What heat maps can tell us about our web design

Heat maps are a conversion optimisation tool that allows marketers and designers to track how people are using a website. A heat map will show how users are navigating on a website and which sections of each page are getting the most action. There are many other tools that allow us to understand the conversion optimisation of a website; so why do we need to use heat maps and what can they tell us that other tools won’t?

What heat maps can tell us about our web design

Sometimes digital growth is strategically simple—we call it leverage. Let’s start talking.

Let’s say you have recently updated your website. Enquiries and conversions had been tracking at a steady rate prior to the update but recently, you have noticed a bit of a decline. You may decide that this is just a bad month and fluctuation in enquiries are a normal part of business. However, this continues for the next month and you begin to worry. After checking analytics you can see that the bounce rate has increased dramatically since the website had been updated. Why could this be, you wonder? The website looks great as far as you’re concerned.

Now, with tools like Crazy Egg or SumoMe, most of the guesswork is taken out of these situations.

What you think is great about your website could potentially be it’s downfall and without being able to see where customers are navigating on your website, this will be difficult to discover.

When you look at the heatmap, you may find that the main page people are clicking on doesn’t actually have a call to action link. Or you may find that people are spending more time reading or watching something on one section of the screen which distracts them from what they have come to the page for. There are many situations where heat maps can give insight into solutions that you may not have considered.

Ok, so in that situation it could be really helpful. But when else would I really need to use a heatmap?
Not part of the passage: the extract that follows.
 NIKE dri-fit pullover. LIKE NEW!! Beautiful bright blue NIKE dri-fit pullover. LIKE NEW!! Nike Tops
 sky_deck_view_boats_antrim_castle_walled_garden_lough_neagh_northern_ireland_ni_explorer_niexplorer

  • People clicking on a word or image that isn’t actually a link
  • Understanding what links are more obvious to users
  • Gaining insight into whether the navigation is easy to use
  • Users not viewing the content you’re most proud of
  • People clicking on a word or image that isn’t actually a link

Having content that distracts users from what you actually want them to view can be a problem that may have been otherwise unidentified. Likewise with people clicking on a word or image and expecting it to be a link to a page. In this situation, the evidence you found would encourage you to create a link from the word or image which people were clicking on. This in itself could see an improvement in conversions.
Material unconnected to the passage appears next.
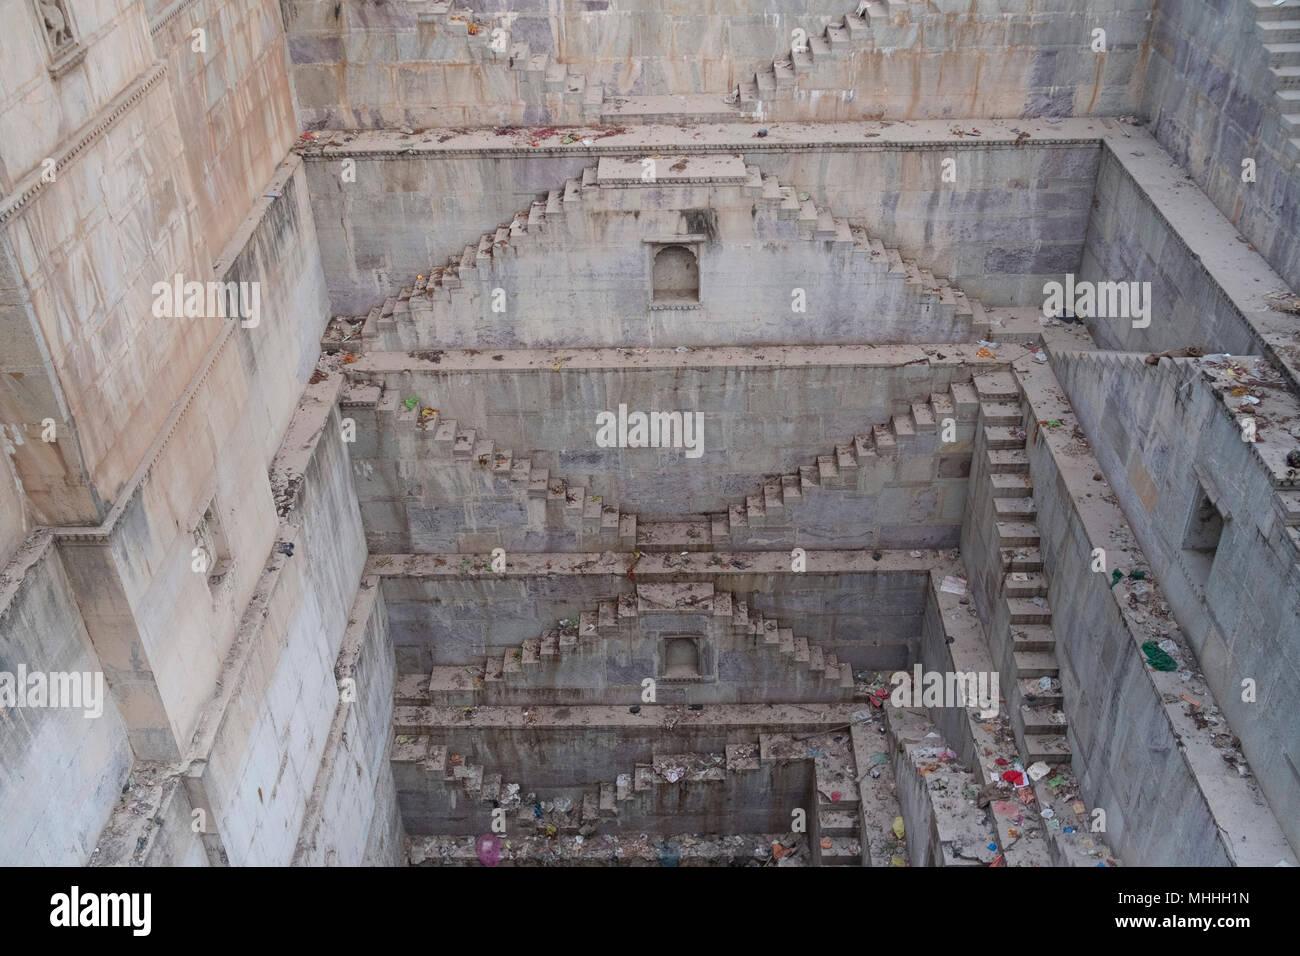 Nagar Sagar Kund Stepwell. Bundi, Rajasthan, India - Stock Image

To gain insight into whether the navigation is easy to use

People tend to have very little tolerance with websites and if links or pages are not responding as they expect, often they will just leave the page entirely. Heatmap tools can be extremely helpful in determining these issues. The way you view your own website, after looking at it hundreds of times and knowing exactly how it works, can be an entirely different view to how users see it. This is why insightful tracking tools can be of such assistance.

Users not viewing the content you’re most proud of

You might have customer testimonials or important details that you think are a great advantage to your website sitting on a section of a page that users are not even looking at. By seeing that users are not making it to that section of the page might encourage you to rearrange these details to a more heavily trafficked location on the website.

So ultimately, the answer is yes. You do need to be using heat maps (if you want better conversion optimisation) and they definitely can offer more insights than some other tools. You could be gaining information about your user navigation that you would have never otherwise known.